Consistency Guarantees
Strong Consistency
VaultLink provides strong eventual consistency:
- All clients eventually converge to the same state
- Operations applied in causal order
- No data loss under normal operation
Ordering Guarantees
- Operations from the same client are applied in order
- Concurrent operations may be applied in any order
- Final result is independent of operation order (commutative)
Durability
- Operations are written to SQLite before acknowledgment
- SQLite ACID guarantees protect against data loss
- Clients retry failed uploads
Comparison with Other Approaches
Git-style Merging
| Aspect | Git Merge | VaultLink OT |
|---|---|---|
| Real-time | No | Yes |
| Manual conflict resolution | Yes | No |
| Branching | Yes | No |
| Automatic merge | Limited | Always |
| Use case | Code changes | Collaborative documents |
CRDTs (Conflict-free Replicated Data Types)
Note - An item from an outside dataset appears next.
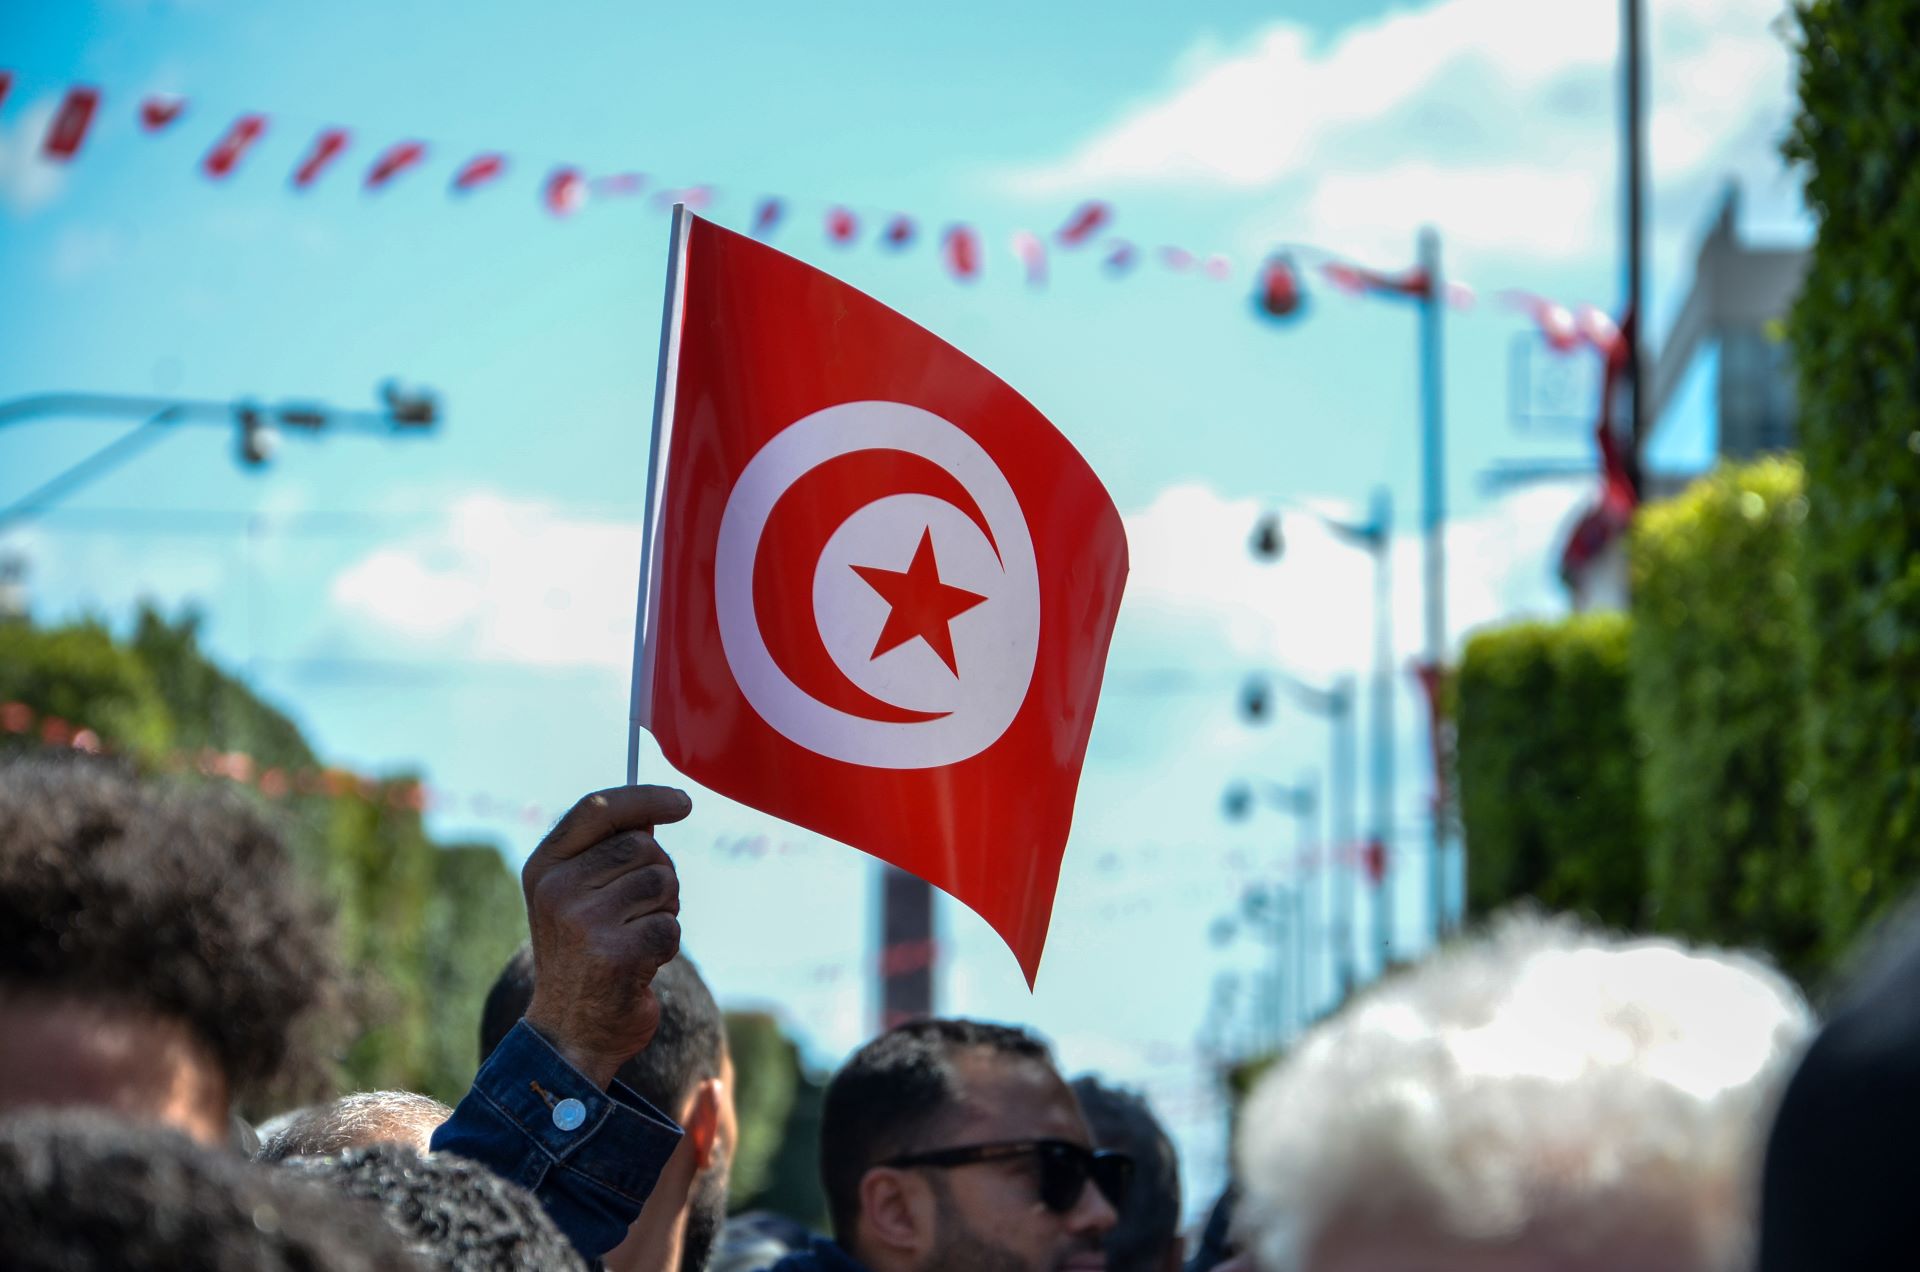 تقسيم تونس لـ5 أقاليم .. جدل واسع بعد قرار قيس سعيد وحديث عن "احتلال فرنسي"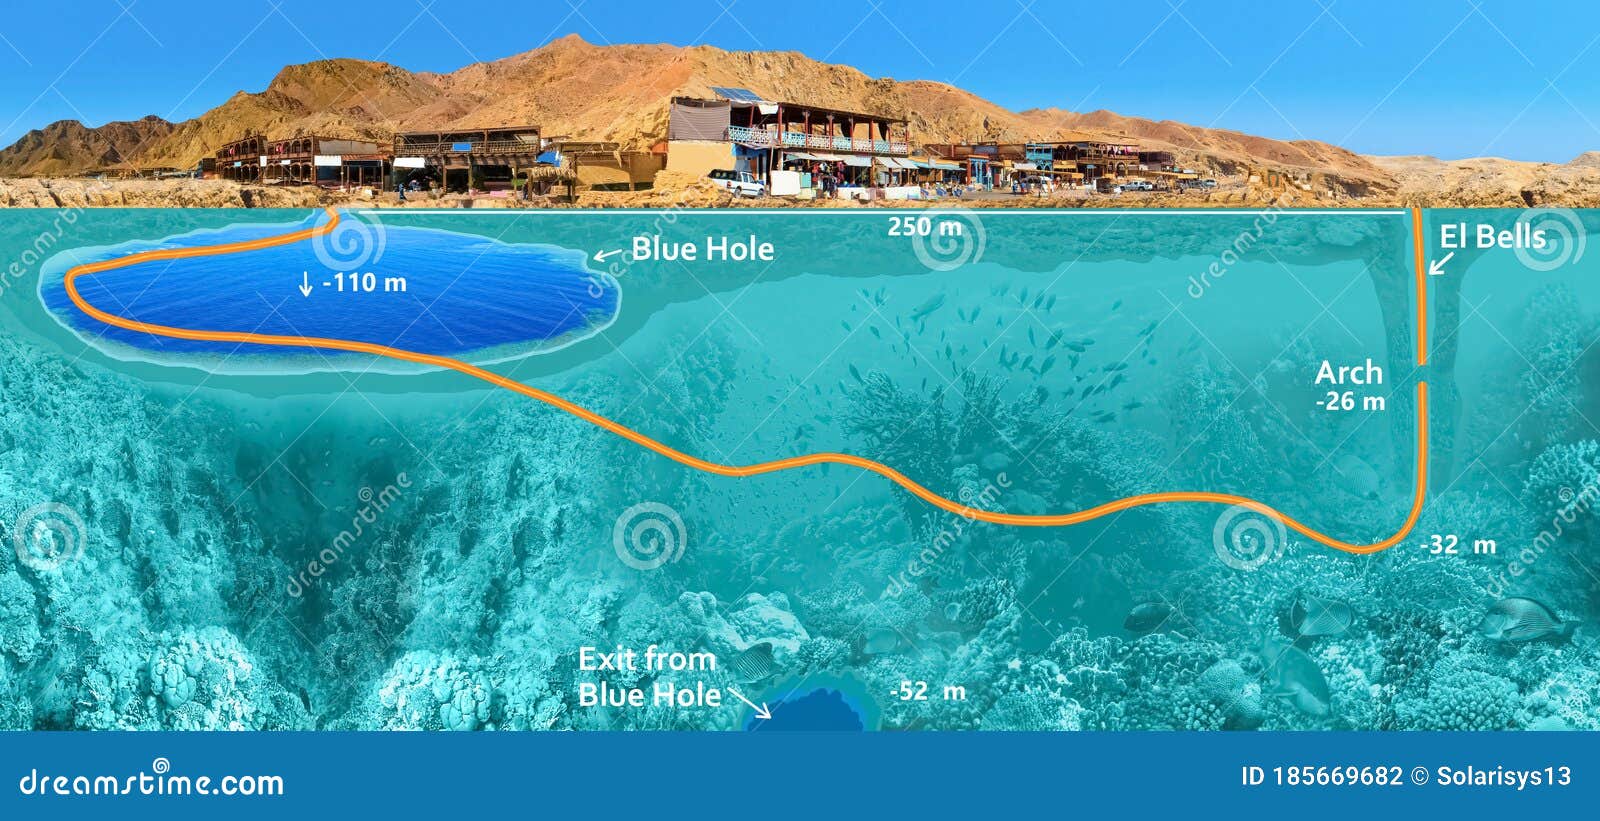 Blue Hole Red Sea Egypt

| Aspect | CRDTs | VaultLink (reconcile-text) |
|---|---|---|
| Operation tracking | Required (every keystroke) | Not required (end states only) |
| Editor freedom | Limited (must use CRDT-aware editor) | Unlimited (any text editor works) |
| Offline editing | Requires operation log | Works with file comparison |
| Server required | No | Yes |
| Memory overhead | Higher (tombstones, metadata) | Lower (versions only) |
| Infrastructure complexity | Higher | Lower |
| Best for | Controlled editing environments | Independent file editing (Obsidian, Vim, VS Code) |
Key insight: CRDTs are superior when you can capture every operation. reconcile-text is superior when users edit files independently with arbitrary tools—exactly VaultLink's scenario.
Last Write Wins
| Aspect | LWW | VaultLink OT |
|---|---|---|
| Data loss | Yes | No |
| Simplicity | High | Medium |
| User experience | Poor | Excellent |
| Performance | Best | Good |
Algorithm Details
Transformation Rules
When transforming operation A against operation B:
-
Insert vs Insert:
- If positions equal: Order by client ID
- If different positions: Adjust positions
-
Insert vs Delete:
- If insert in deleted range: Shift insert position
- If insert after delete: Adjust position by deleted length
-
Delete vs Delete:
- If ranges overlap: Merge delete ranges
- If ranges disjoint: Adjust positions
-
Retain vs Any:
- Retain operations don't conflict
- Simply adjust positions
Transformation Example
// Pseudo-code for transformation
fn transform(op_a: Operation, op_b: Operation) -> (Operation, Operation) {
match (op_a, op_b) {
(Insert(pos_a, text_a), Insert(pos_b, text_b)) => {
if pos_a < pos_b {
(op_a, Insert(pos_b + text_a.len(), text_b))
} else if pos_a > pos_b {
(Insert(pos_a + text_b.len(), text_a), op_b)
} else {
// Same position, use client ID to break tie
if client_id_a < client_id_b {
(op_a, Insert(pos_b + text_a.len(), text_b))
} else {
(Insert(pos_a + text_b.len(), text_a), op_b)
}
}
}
// ... other cases
}
}
Best Practices
For Smooth Collaboration
- Small edits: Make small, focused changes for easier merging
- Coordinate major changes: Discuss large refactors with team
- Monitor sync status: Ensure changes are uploaded before signing off
- Test conflict resolution: Verify behavior matches expectations
For Developers
- Text files preferred: OT works best on text
- Limit file sizes: Keep documents reasonably sized
- Binary files: Use versioning or avoid concurrent edits
- Testing: Test concurrent edit scenarios thoroughly